Other specialties include the lox platter (thinly smoked salmon, tomatoes, red onion, and capers served with a toasted bagel and cream cheese) and avocado toast (two slices of nine-grain toast topped with smashed avocado, grape tomatoes, arugula, citrus balsamic glaze, poached eggs and everything bagel seasoning).
The café also serves nine varieties of skillets and eight “benedicts,” Letsos said.
Letsos said popular entrées include the breakfast tacos with carnitas (Mexican pork), the breakfast taco bowl and the down home breakfast bowl: creamy country gravy loaded with crumbled sausage ladled over a biscuit topped with cheesy scrambled eggs and served over seasoned home fries or hash browns.
The al pastor omelets, skillet or tacos include marinated pork, onion, pineapple and pepper jack cheese. The beef in the dishes is certified Angus beef, and the gyro meat is cooked on a spit, Letsos said.
“Everything is made to order,” he said.
Rodriquez said the food moves because Letsos cares about customers.
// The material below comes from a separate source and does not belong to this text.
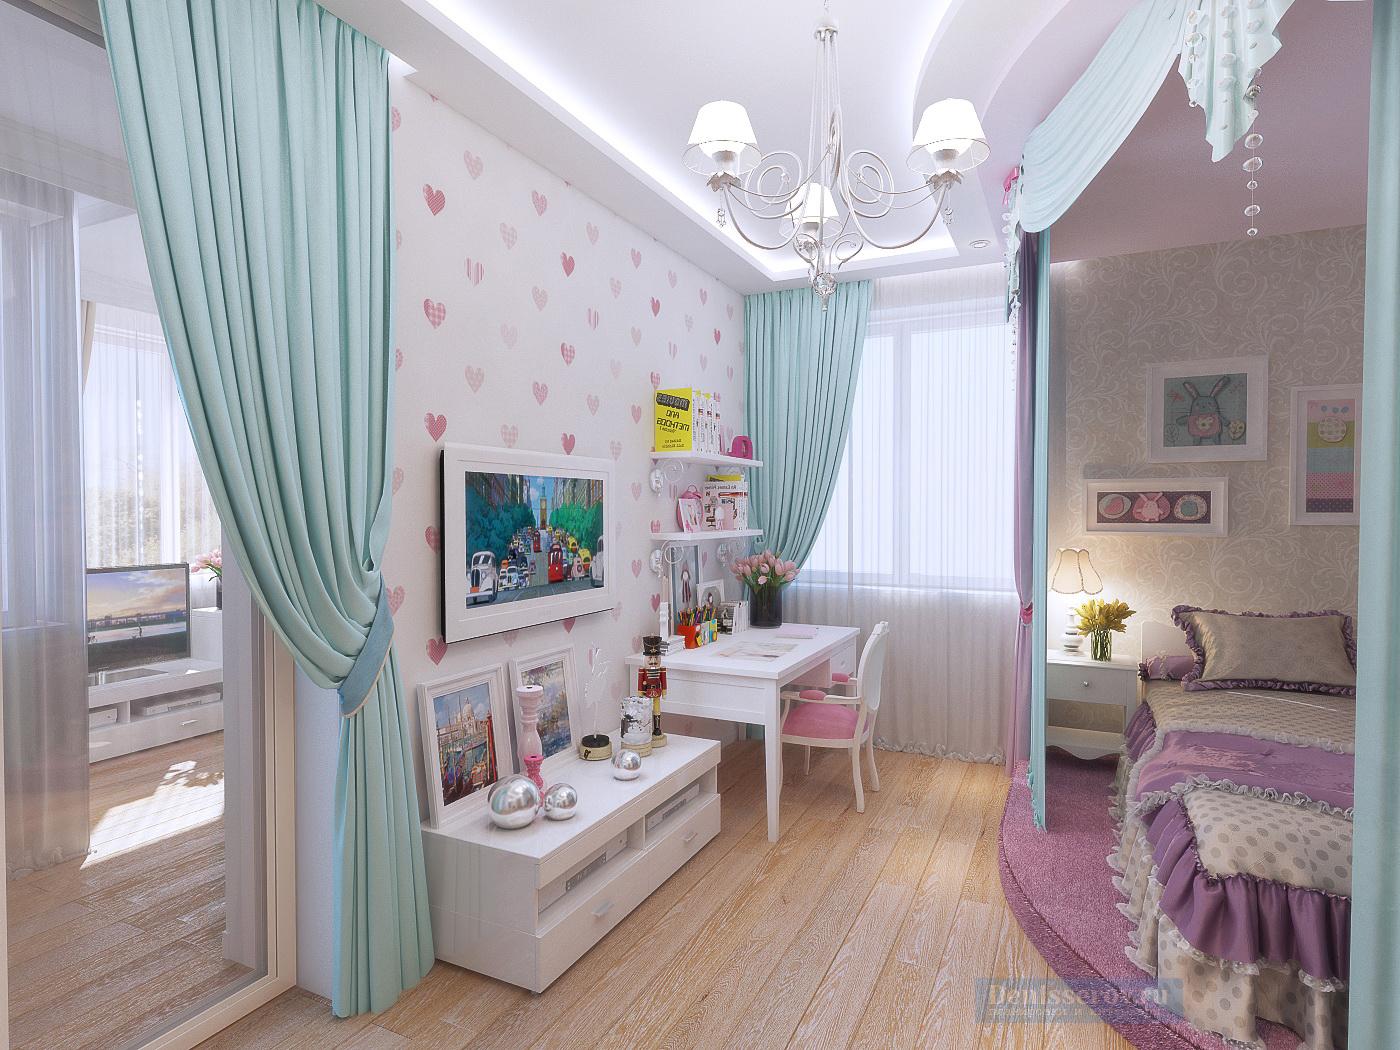 Proekt-dizajn-detskoj-devochki-16-kv-m1-1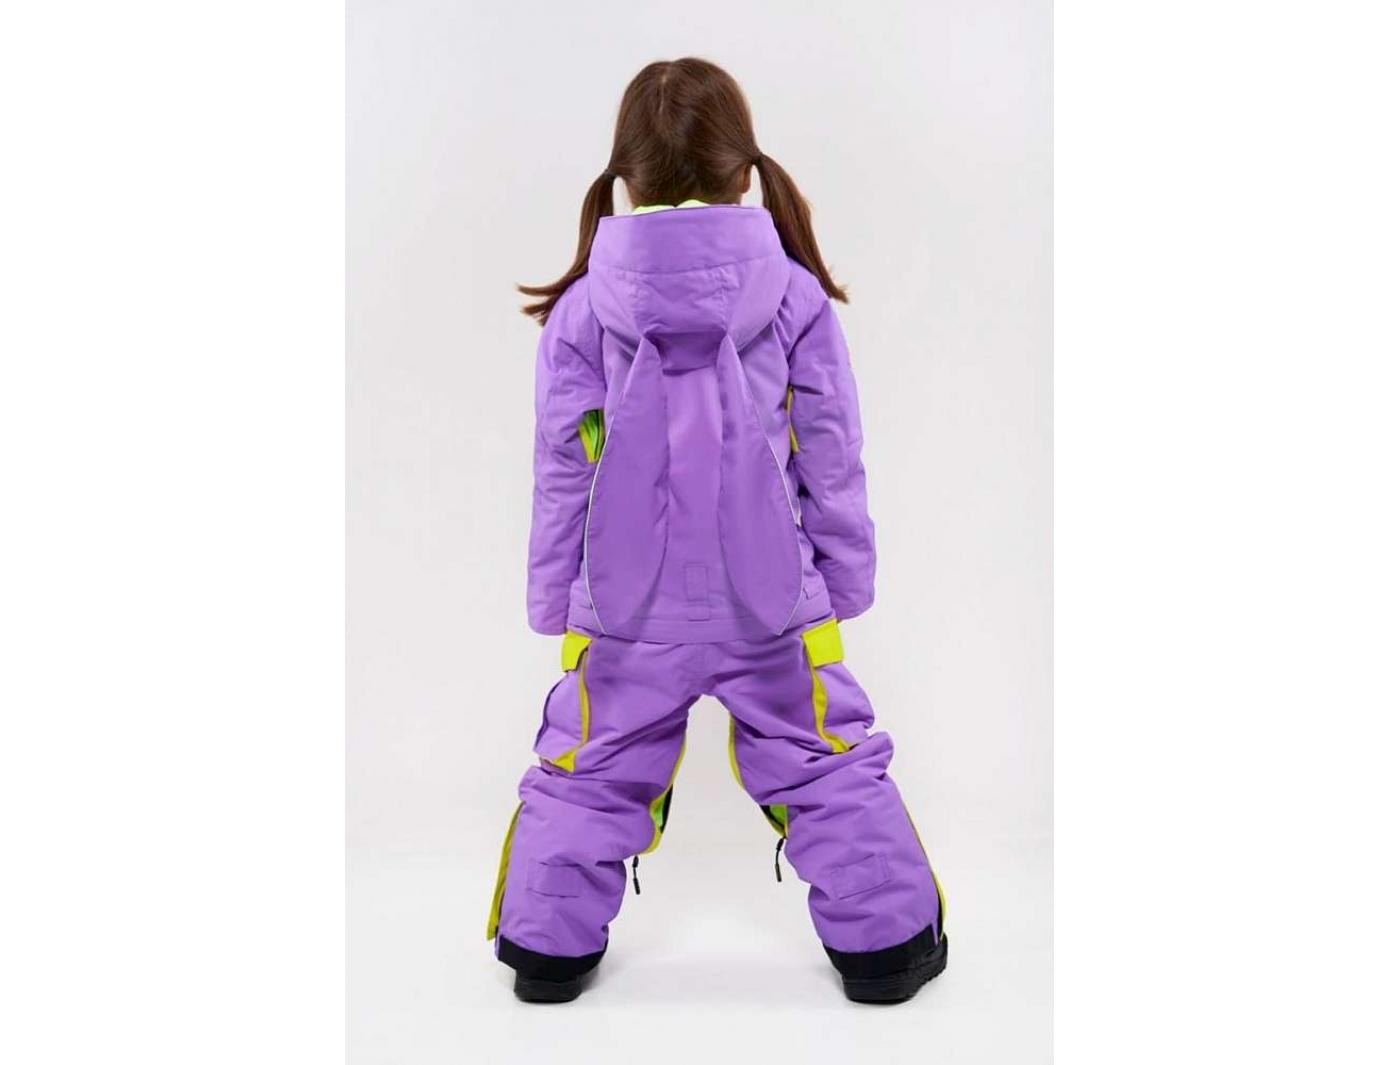 Комбинезон FUN KIDS 3115/30 Фиолетовый-салатовый (2020)

“Jimmy is always making sure things are right,” Rodriguez said. “When the food comes out, he has the customer taste it to make sure nothing is missing, or he’ll make it a different way to fix it. He always finds a way to make it work, whatever they want.”
Letsos said staff even knows to wipe the grill or cook meat separately in a frying pan for customers with allergies.
“I never want to say, ‘We can’t,’” Letsos said of customizing dishes to meet customers’ needs. “I’m proud of what I’m doing.”